Two portraits of important members of a Highland clan are now on display in the National Museum of Scotland in Edinburgh.
Oil paintings of the Chief of Clan Grant’s household by Richard Waitt were commissioned in 1713 by Alexander, the Laird of Grant, as part of a series depicting prominent clan members.
Created for Castle Grant, the chief’s seat near Grantown-on-Spey, they intended to impress visitors and convey the laird’s traditional authority and status as a Highland chieftain.
Shown wearing distinctive Highland dress, the subjects are “The Piper” and “The Champion to the Laird of Grant”.

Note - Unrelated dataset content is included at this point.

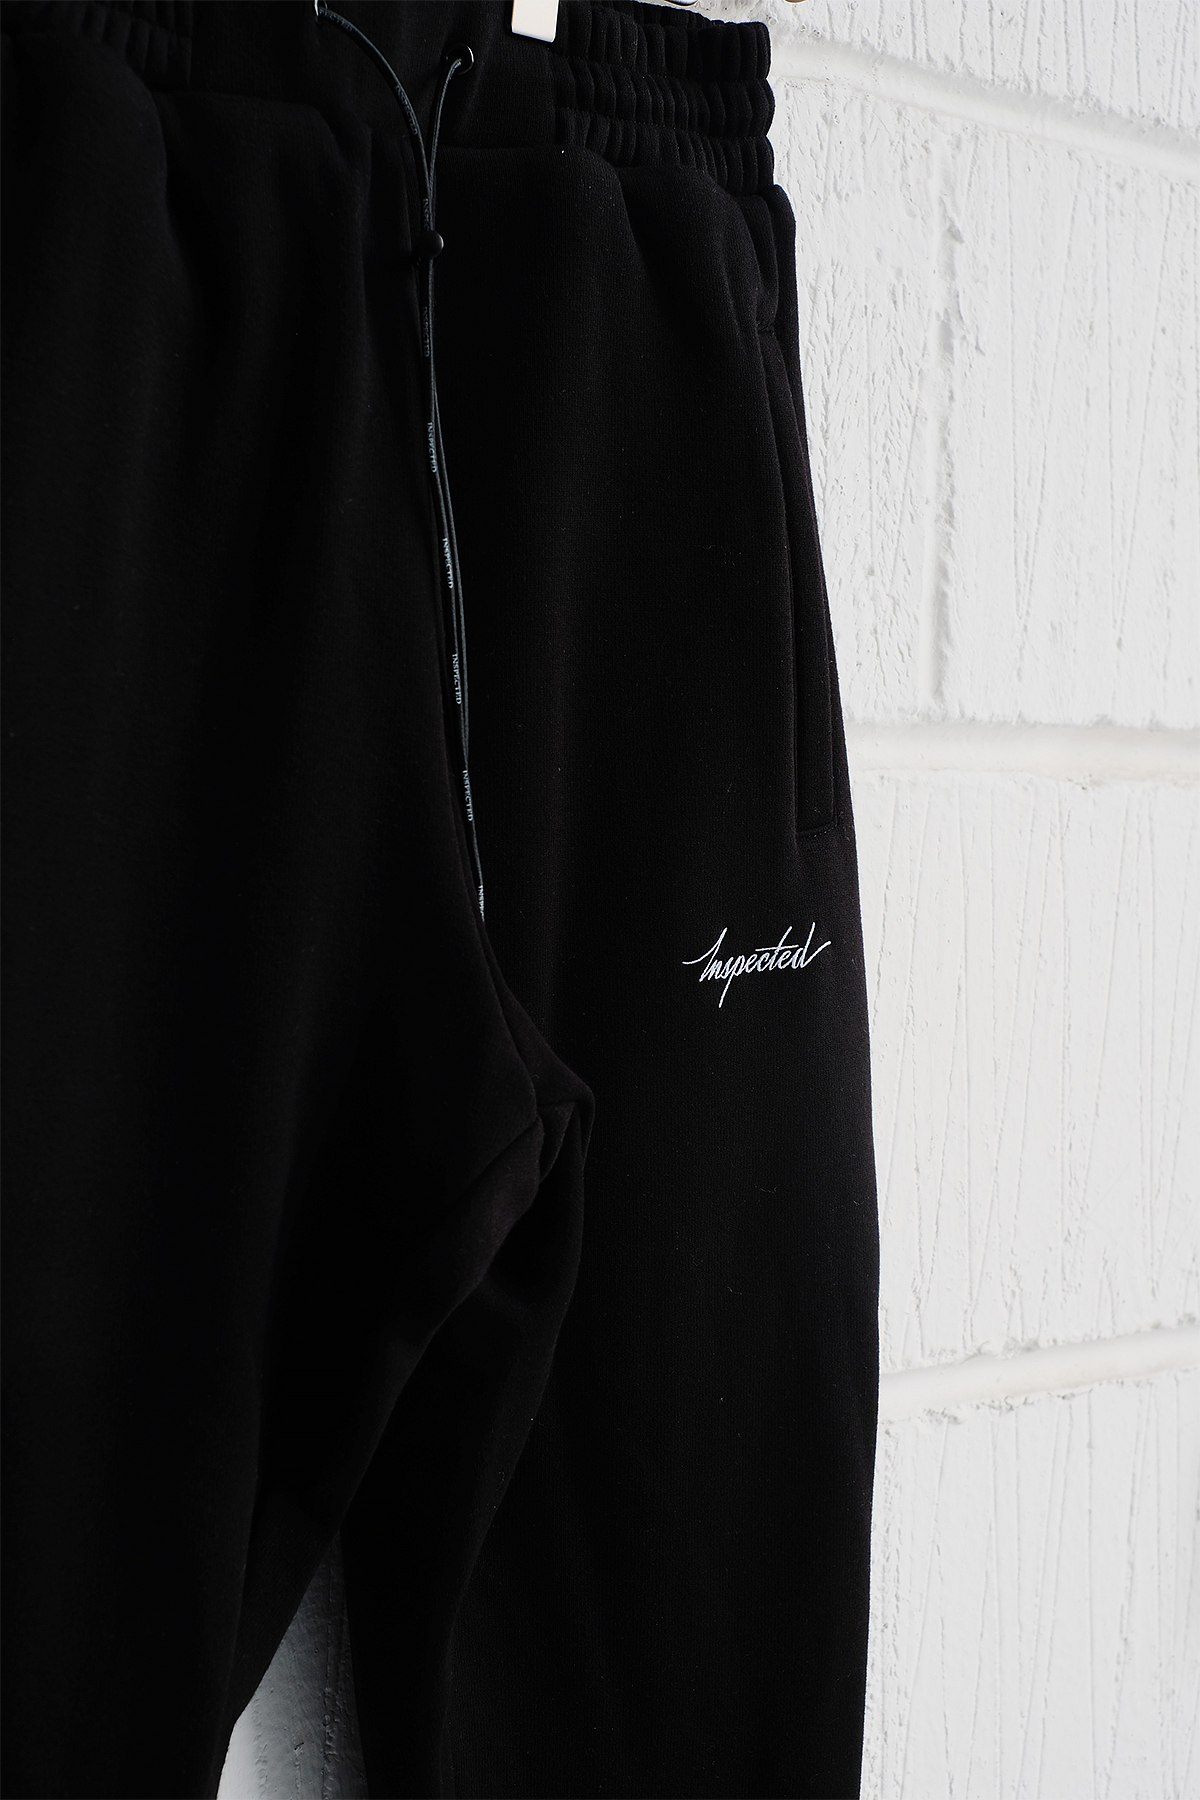 SAMPLE PANTS — REMASTERED (SMALL LOGO) – Inspected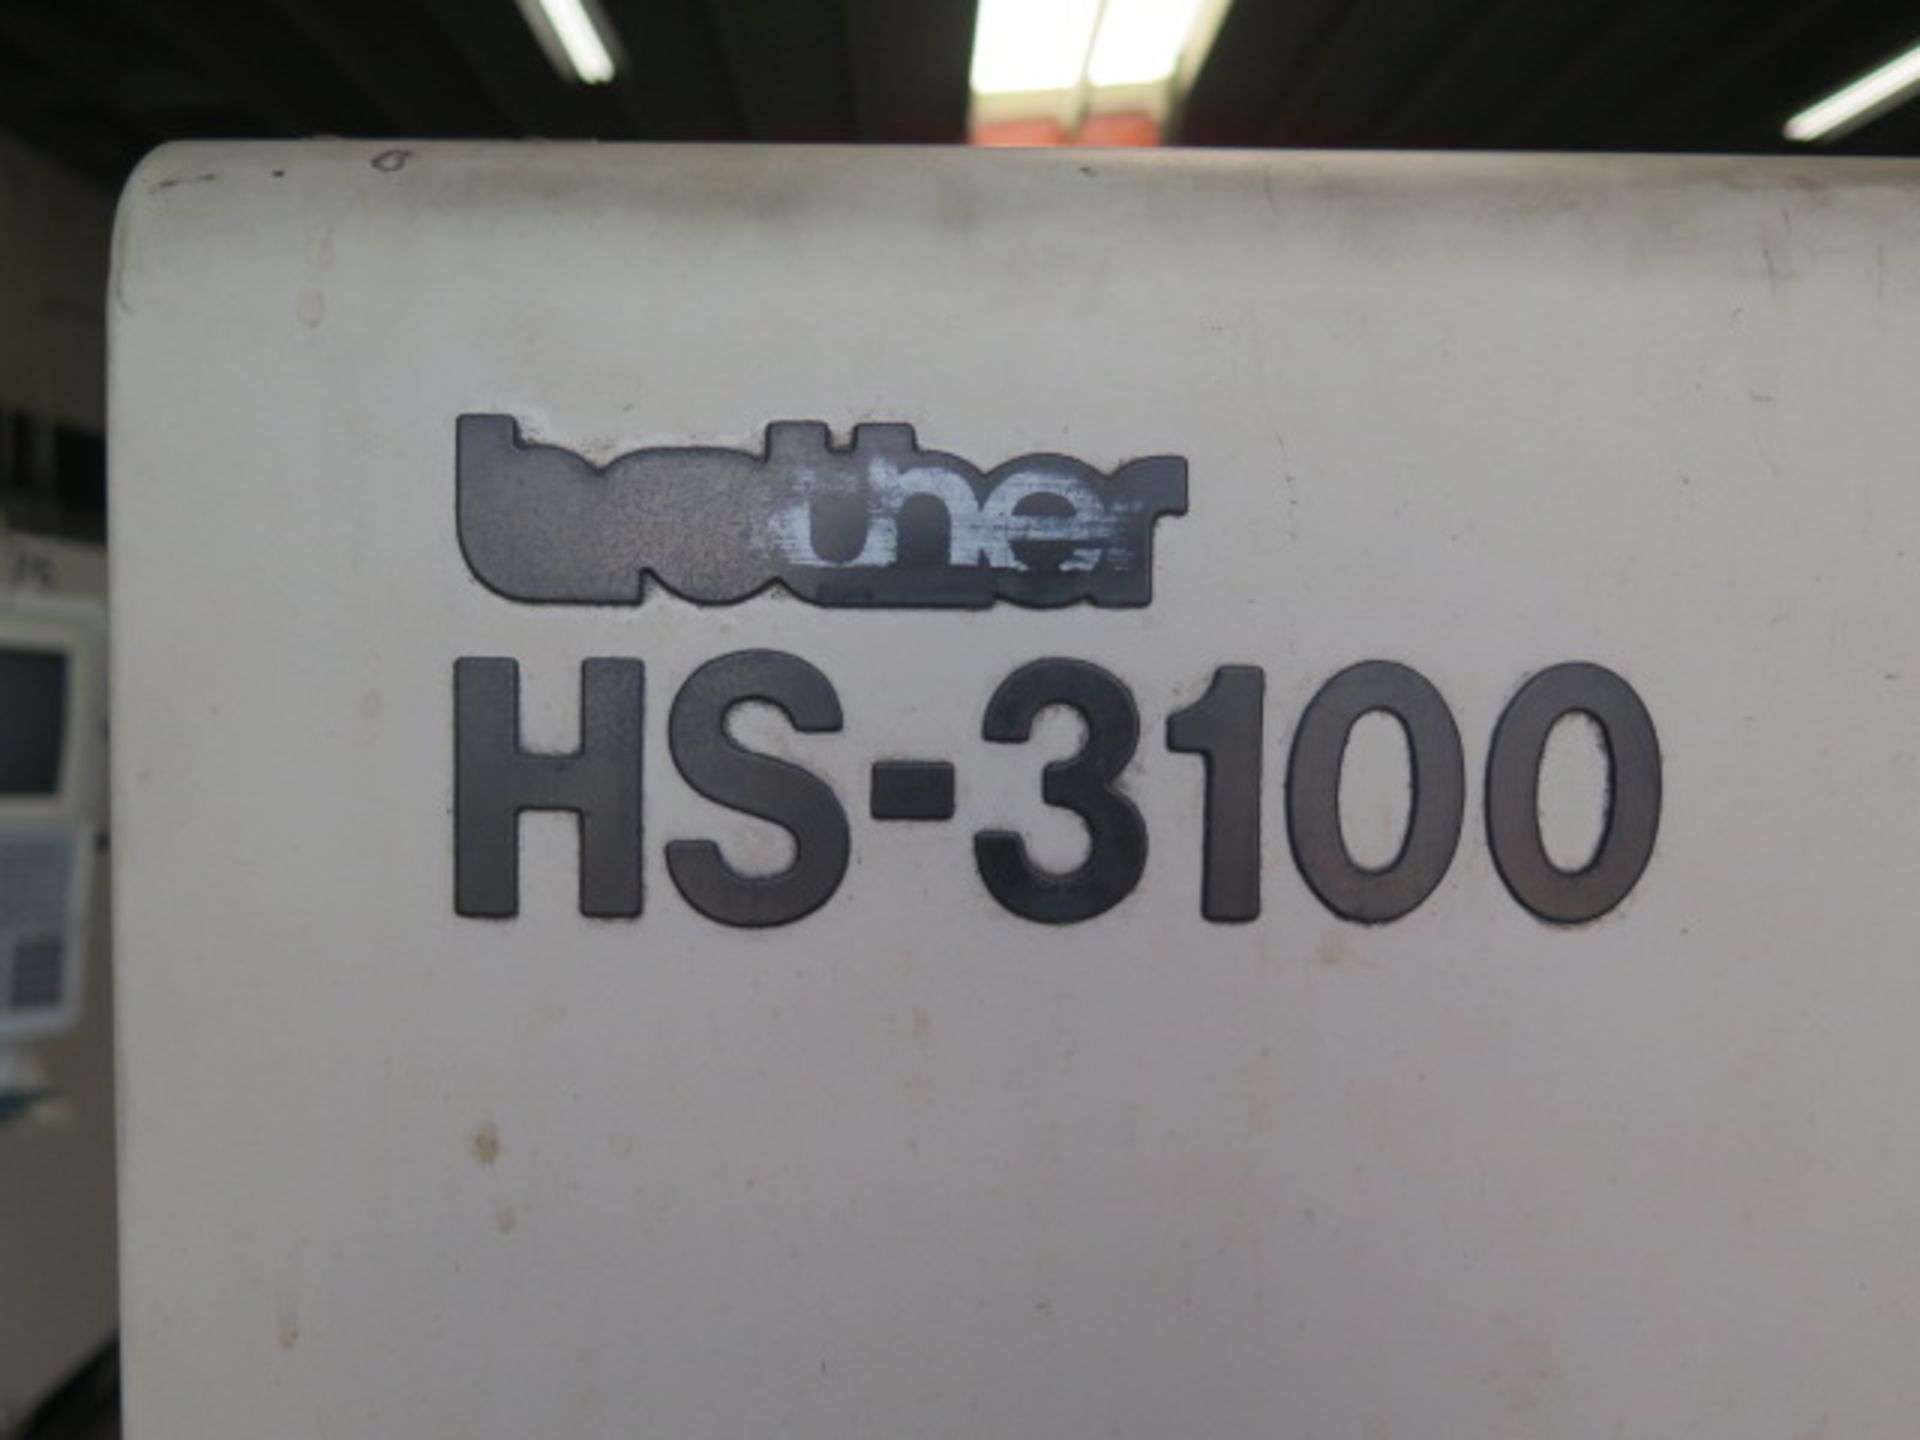 Brother HS-3100 CNC Wire EDM s/n 111120 w/ Brother CNC Controls, 8 3/4" x 11" Work Area, SOLD AS IS - Image 3 of 13

The bagpipes and the basket-hilted sword are symbols of their ceremonial positions, symbolic of traditional clan values and customs.
A changing clan society
The Piper is of William Cumming, who was from at least seven generations of Cumming pipers to the Grants and the picture includes the heraldic banner of the Grants, with Castle Grant in the background.
Meanwhile, The Champion is of Alasdair Mòr Grant, the strongest fighter in the clan, who managed the laird’s timber business.
His combined roles hint to a changing clan society as the shift in land use saw Highland chiefs become landlords.
Principal curator of renaissance and early modern history at the National Museum of Scotland, Anna Groundwater said: “We are grateful to Reidhaven Trust for the long-term loan of Richard Waitt’s portrait of The Champion to the Laird of Grant.
“We are delighted that it has been reunited with The Piper and is now on permanent display, as they once were in Castle Grant. This is not a romanticised version of an imagined past – the figures in their Highland dress are documented as they looked at the time.
“Together they provide an insight into clan society from a time when this way of life was on the wane.”